MEDYAYA ÇEKİ-DÜZEN VERMEK?
Bugün geldiğimiz noktada, siyasi iradenin, bir çeki düzen vermeye, kendilerine bağlamaya, “yandaş ve tetikçi” konumuna getirmeye çalıştığı medya dünyasında ki gelişmeleri, hepimiz bilmiyor muyuz?
Oysa, bir haberin bir kaynaktan, diğer bir kaynağa iletilmesinde, objektif, tarafsız ve yansız olma gerçeğini nereye koyacağız?
Medyayı “tek sesli” olarak dizayn etmek, kime ne yarar sağlar?
O nedenle, “Anadolu basının ensesinde boza gibi pişirilmeye çalışılan” yeni “medya yasası” ile ilgili, meslek duayenleri çıkıp, durumu ve yaşanacakları özetlediler..

RTÜK’E BAĞLANMALI!
“Sanal medyaya çeki düzen verilmek istenirken, yazılı medyayı da yok edecek olan bu yasa, tekrar gözden geçirilmeli ve daha iyi bir şekilde incelenerek, basın emekcilerinin görüşü alınarak” oluşturulmalıdır..
Madem böyle bir düzenleme yapılıyor, öyleyse, “sanal medyayı, RTÜK kapsamında, yani televizyon ve radyolar ile birlikte “ planlanmalıdır..
Zira, yazılı basının sorunları çok..
Bir de onların sırtına, bu yükü vurmamalıyız?

İLAN PASTASI NEDİR Kİ?
Zaten ortadaki “ilan pastasını, bir ilde paylaşan gazetelerin sayısı” ortada değil midir?
“Onlara ilan vereceğiz, onlara da basın kartı vereceğiz” diyerek, asıl niyeti gizlemek, açıklamamak akıl karı değildir!..
O nedenle, bu yeni yasa düzenlenmesi, sil baştan ele alınmalı ve “ortak bir konsesus” ile yasa çıkarılmalıdır..
Yoksa, “yasa yaparken, Anadolu basınını” yok ederiz!..
Sanırım, “seçime giderken”, siyasilerimiz böyle bir şey yapmazlar!
Şu bilinsin ki, “Milletin hür ve gür sesini kısmak, kesmek” kimsenin haddi değildir!

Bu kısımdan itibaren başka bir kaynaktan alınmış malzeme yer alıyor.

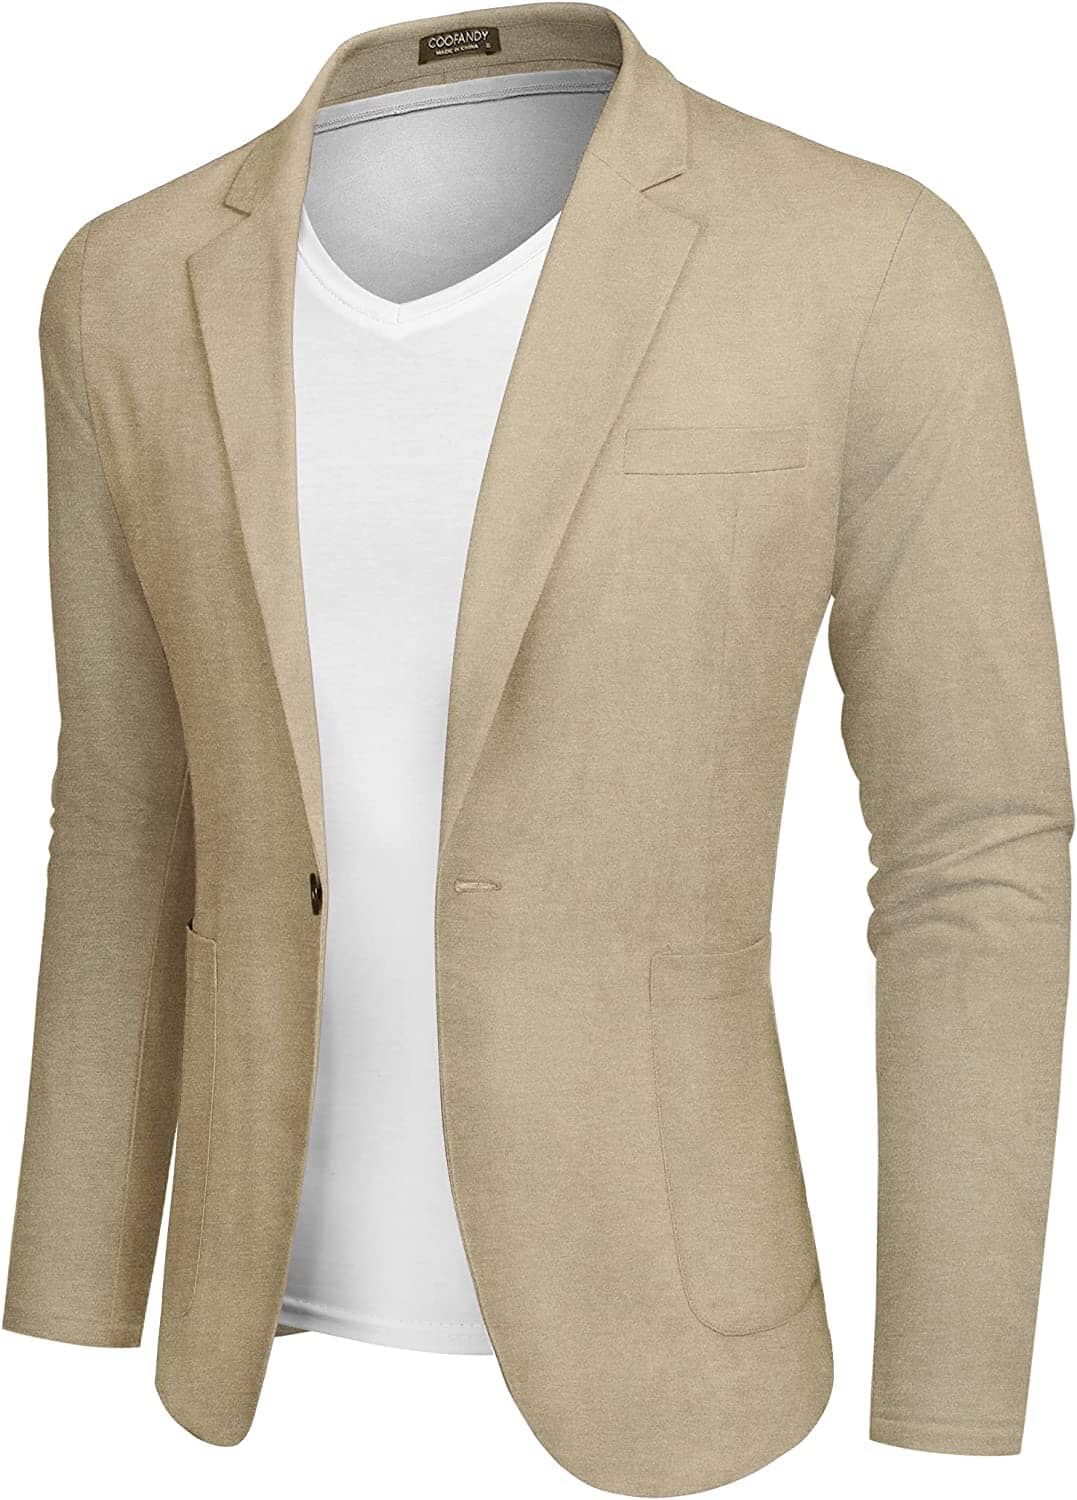 Casual Regular Fit Lightweight Linen Blazer (US Only) Blazer COOFANDY Store Khaki XS

Siyaset makamı,” her yere çeki düzen verirken, yanlışlardan hareket etmemeli ve her kesimin görüş ve düşüncesinden” hareket etmelidir..
İşte o zaman, doğruyu, güzeli, birlikteliği, daha iyi bulur, paylaşırız!
Bu vesile ile “Anadolu Basını ve sorunları iye irdelenmeli, tespit edilmeli ve gereken” yapılmalıdır..
TGF’nin 67.Konsey Toplantısı, inşallah hayırlara vesile olur!